Shastri, the booming voice of Indian cricket, was more unmistakable. He would call this the “best Indian team in 15-20 years”. The fact that the golden generation of Tendulkar, Dravid, Ganguly and Kumble preceded the Kohli era was not a consideration for a coach who believed in not neglecting any hyperbole when talking about his underperforming team.

With no ICC World titles and test series losses in South Africa and England, Kohli’s team has potential but is still working. A series won in Australia, India’s first, is the most important result for this team, but the architect of that historic victory was not the product of these times.
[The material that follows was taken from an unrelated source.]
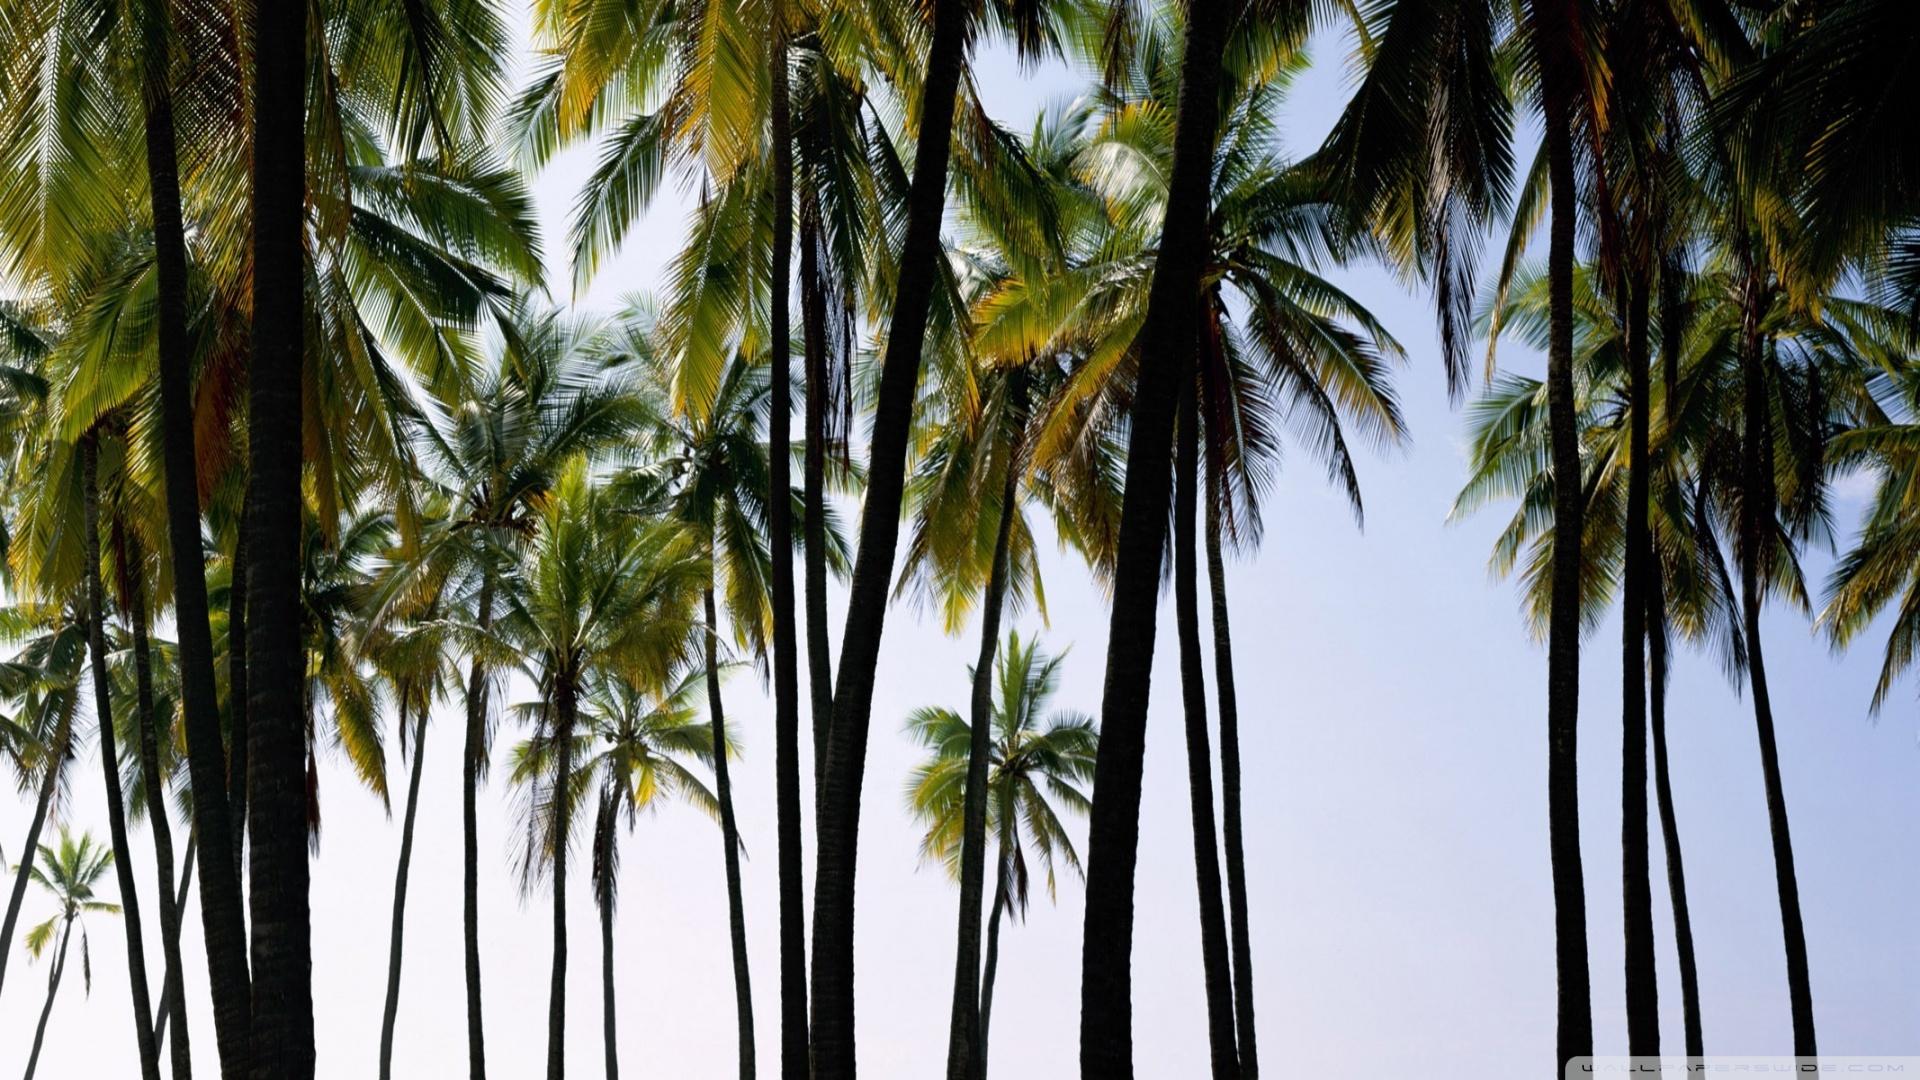 palm trees tumblr. Palm Trees 2 Wallpaper 1920x1080 Tumblr

Pujara, the Man of the Series during the last Australian tour, does not have an IPL contract, he is an old school test hitter and not the true strike rate conscious ambassador of this “new India”.

Kohli and the new generation of fans who no longer watch cricket, but broadcast it, need a crash course in “old India.” They accepted challenges and were filled with optimism and positivity. They were also pioneers. Tiger Pataudi gave India the conviction to win with spin, Sunil Gavaskar showed how to take on the West Indies pacemakers without a helmet and as for Sachin Tendulkar, he took on the world singlehandedly in a locker room infiltrated by match-fixers .

If the captain and coach believe that this was India never seen before, then on Saturday in Adelaide someone would have sewed up some resistance. If they’re the best of all time, someone should have conjured up an inspired feat. He needed more than mere skills, more than just an expression of misplaced ambition or pride.

For a team so desperate to make history and yet so dismissive of her, 36/9 is an epic descent into arrogance.